This Week in European HealthTech and MedTech: 24th October 2025

Major developments in European HealthTech this week have been characterised by significant funding rounds, strategic M&A, and continued focus on AI-driven specialized care:

Major Funding and Investment

Women's Health Funding: UK-based HealthTech company SheMed announced a €43 million funding round to advance its personalized women's healthcare platform, particularly its GLP-1 program. This highlights the growing investor confidence in women's health and metabolic care platforms in Europe. 

Venture Capital Activity:

Austrian HealthTech VC Calm/Storm closed its second fund at €30 million, which is already deployed across 25 companies, signaling sustained early-stage investment interest.
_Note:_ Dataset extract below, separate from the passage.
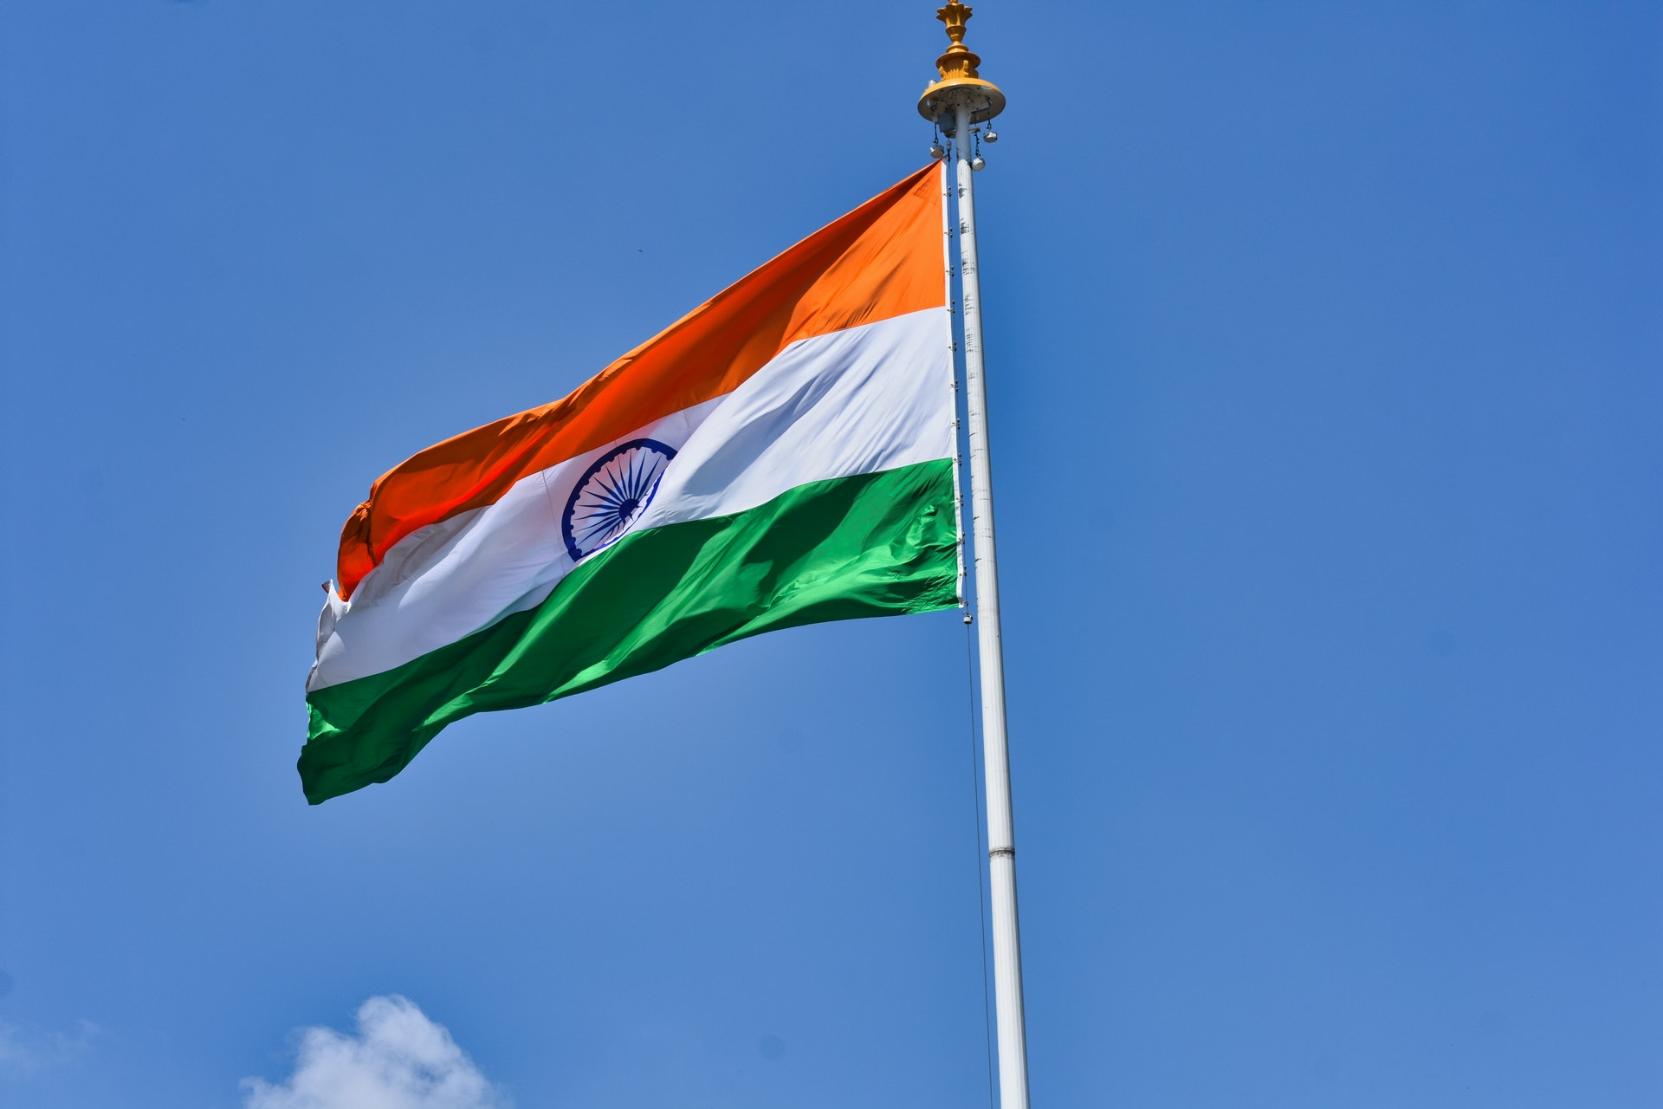 Indian flag on a pole.

 Plural backed brain monitoring startup CoMind in a $60 million round. The London-based startup develops a non-invasive device to measure blood flow and pressure in the brain.
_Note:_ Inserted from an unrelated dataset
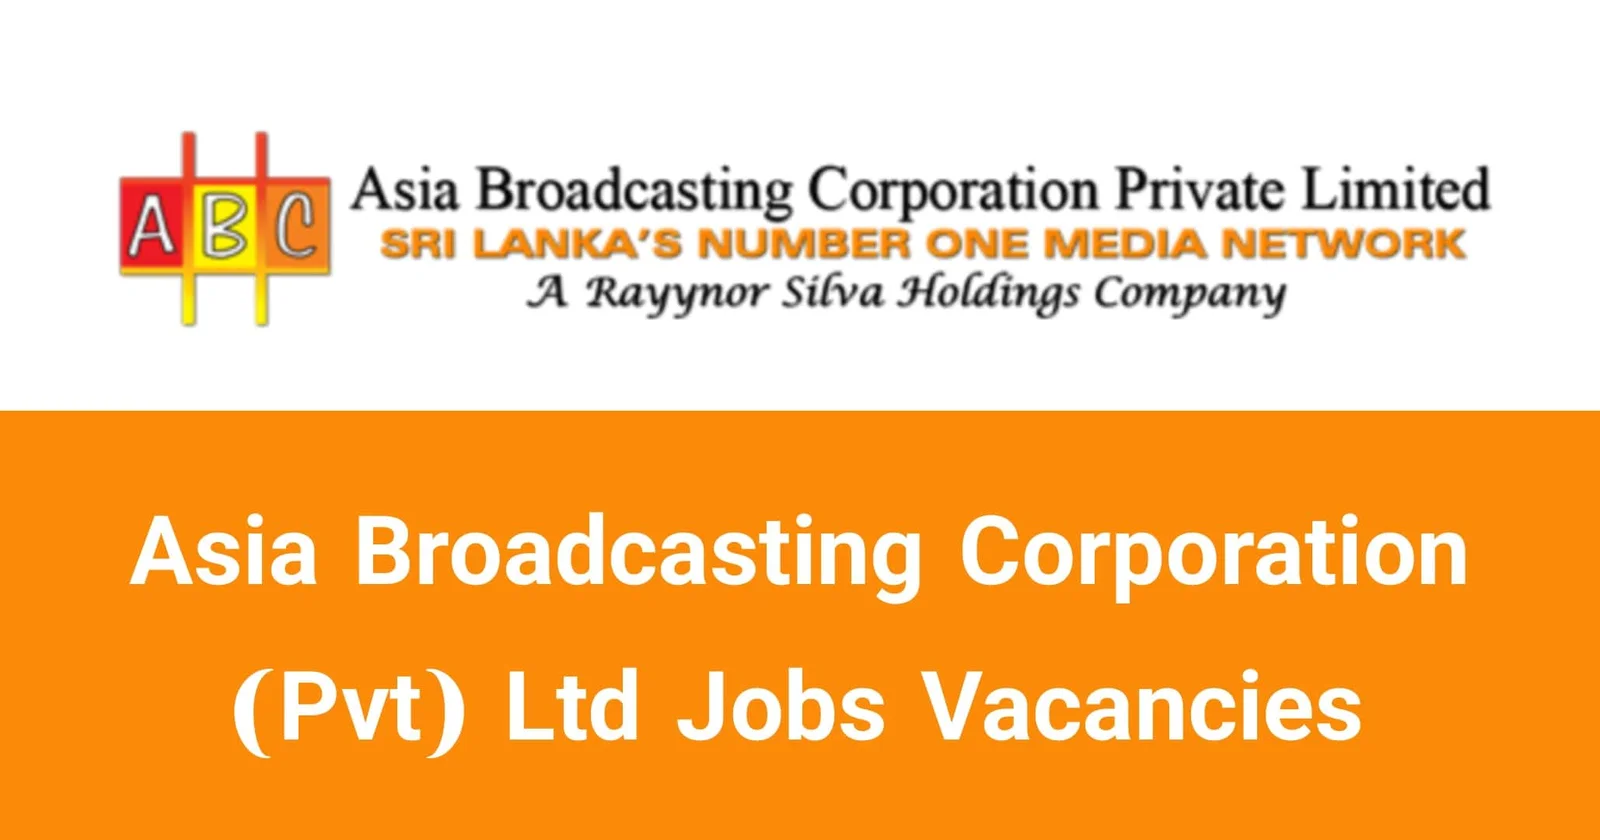 Asia Broadcasting Corporation (Pvt) Ltd Jobs Vacancies

M&A and Market Consolidation

Occupational Health Devices: French company FIM Medical acquired Germany-based Vistec, a specialist in vision screening devices. This acquisition makes FIM Medical the largest developer and distributor of European occupational healthcare devices by revenue, demonstrating a trend toward consolidation for international expansion.

Pharma/Life Sciences Deal: AstraZeneca made a strategic move by acquiring Belgian pioneer EsoBiotec for an upfront payment of $425 million (with the potential to reach $1 billion), aiming to accelerate its in vivo cell therapy platform for cancer treatments.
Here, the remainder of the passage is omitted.